The above shown is the structure of the data showing the datatype of the variables.
#summary of the data
summary(customer_data)
CustomerID Gender Age Annual.Income..k..
Min. : 1.00 Length:200 Min. :18.00 Min. : 15.00
1st Qu.: 50.75 Class :character 1st Qu.:28.75 1st Qu.: 41.50
Median :100.50 Mode :character Median :36.00 Median : 61.50
Mean :100.50 Mean :38.85 Mean : 60.56
3rd Qu.:150.25 3rd Qu.:49.00 3rd Qu.: 78.00
Max. :200.00 Max. :70.00 Max. :137.00
Spending.Score..1.100.
Min. : 1.00
1st Qu.:34.75
Median :50.00
Mean :50.20
3rd Qu.:73.00
Max. :99.00
The above shown is the discriptive analysis of the customer.
#summary of Age variable
summary(customer_data$Age)
Min. 1st Qu. Median Mean 3rd Qu. Max.
18.00 28.75 36.00 38.85 49.00 70.00
#standard deviation of age variable
print(paste("standard deviation",sd(customer_data$Age)))
[1] "standard deviation 13.9690073315589"
The above information is showing the discriptive analysis Age variable and its standard deviation.
#summary of Annual income
summary(customer_data$Annual.Income..k..)
Min. 1st Qu. Median Mean 3rd Qu. Max.
15.00 41.50 61.50 60.56 78.00 137.00
#standard deviation of Annual income
print(paste("standard deviation",sd(customer_data$Annual.Income..k..)))
[1] "standard deviation 26.2647211652712"
The above information is showing the discriptive analysis Annual income variable and its standard deviation.
#summary of Spending score
summary(customer_data$Spending.Score..1.100.)
Min. 1st Qu. Median Mean 3rd Qu. Max.
1.00 34.75 50.00 50.20 73.00 99.00
#standard deviation of Spending score
print(paste("standard deviation",sd(customer_data$Spending.Score..1.100.)))
[1] "standard deviation 25.8235216683702"
The above information is showing the discriptive analysis Age variable and its standard deviation.
Visualisation of Data
library(ggplot2)
ggplot(customer_data,aes(Gender,fill=Gender))+geom_bar()+scale_fill_viridis_d()+theme_light()+ggtitle("Barplot for Gender ")

From the above plot ,We understand that number of females are more than males but to know the proportion of females and males in the data we can do visualisation using pie chart.
library(plotrix)
per=round(t/sum(t)*100)
lbs=paste(c("Female","Male")," ",per,"%",sep=" ")
pie3D(t,labels=lbs,
main="Pie Chart Depicting Ratio of Female and Male")

From the above graph, we conclude that the proportion of females is 56%, whereas the proportion of male in the customer dataset is 44%.
Now to plot the frequency of the age of the customers,We will do histogram plot.
#barplot for Age
ggplot(customer_data,aes(Age))+geom_bar(fill="green",col="purple",alpha=0.5)+theme_dark()+ggtitle("Age Distribution ")

The above graph shows the distribution of Age variable throughout the data.
It is very clear from the above graph that people of Age between 30 to 32 are more in count in the data.
#Discriptive boxplot for Age and annual income
ggplot(customer_data,aes(Age,Annual.Income..k..,group=Gender,fill=Gender))+geom_boxplot()+ggtitle("Discriptive boxplot for Age and annual income")

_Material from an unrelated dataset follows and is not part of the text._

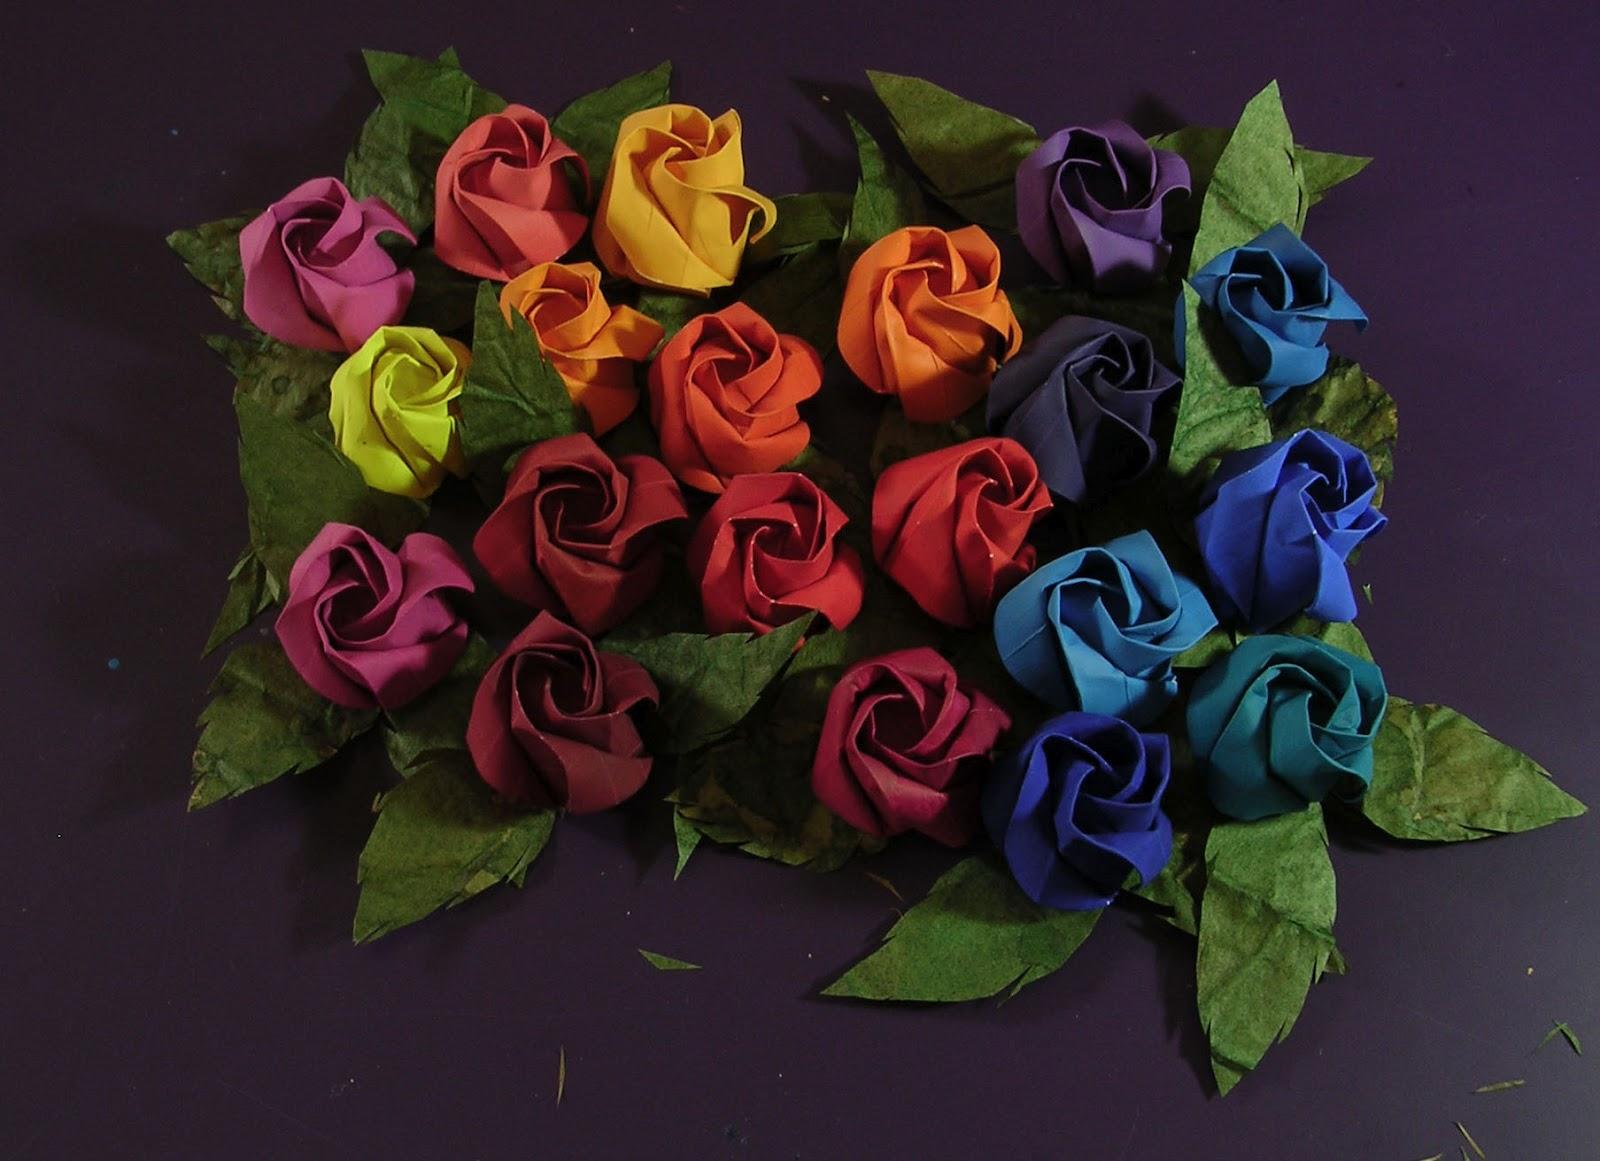 Origami rainbow roses how to make it httpbloom4ever origami rainbow roses how to make it httpbloom4everhowto origami rosep jeuxipadfo Choice Image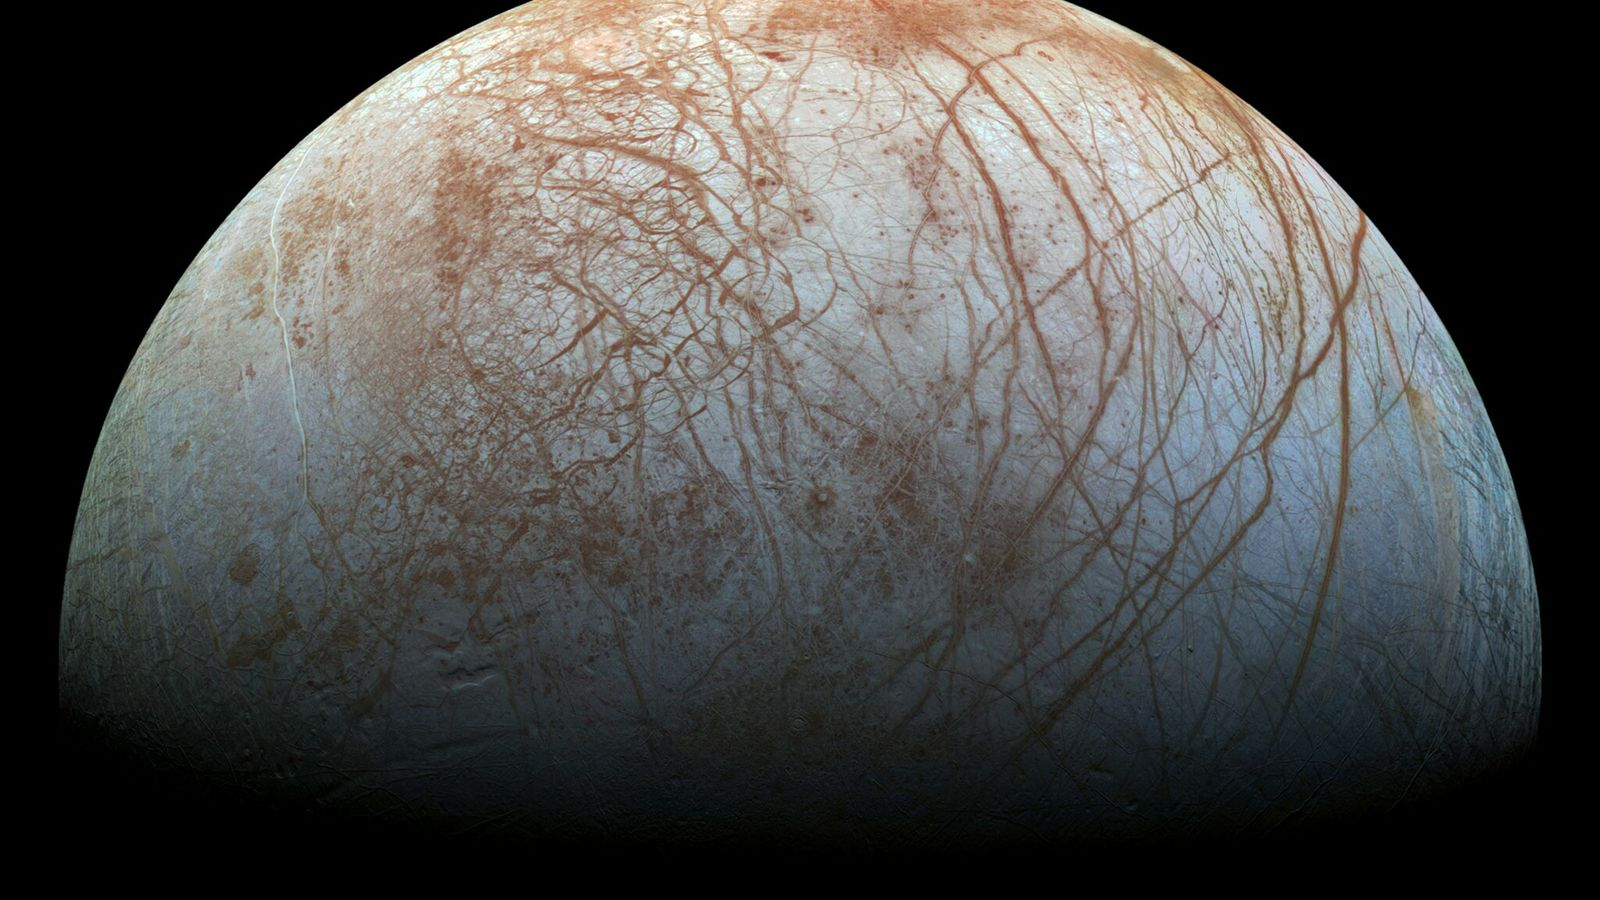 Jupiter-Mond Europa

From the above plot: We conclude that the customer of Age between 25 and 42 are more in count the minimum age of customers is 18, whereas, the maximum age is 70.
Now doing visualization to get insights the annual income.
hist(customer_data$Annual.Income..k..,
col="#660033",
main="Histogram for Annual Income",
xlab="Annual Income Class",
ylab="Frequency",
labels=TRUE)

From the above data,we conclude that most of the customer’s annual income are under 70 to 80k.
Now the density plot of customer’s annual income data.
ggplot(customer_data,aes(Annual.Income..k..,fill=Gender))+geom_density(alpha=0.5,col="lightblue")+scale_fill_manual(values = c("red","blue"))+theme_minimal()+ggtitle("Density plot for Annual income")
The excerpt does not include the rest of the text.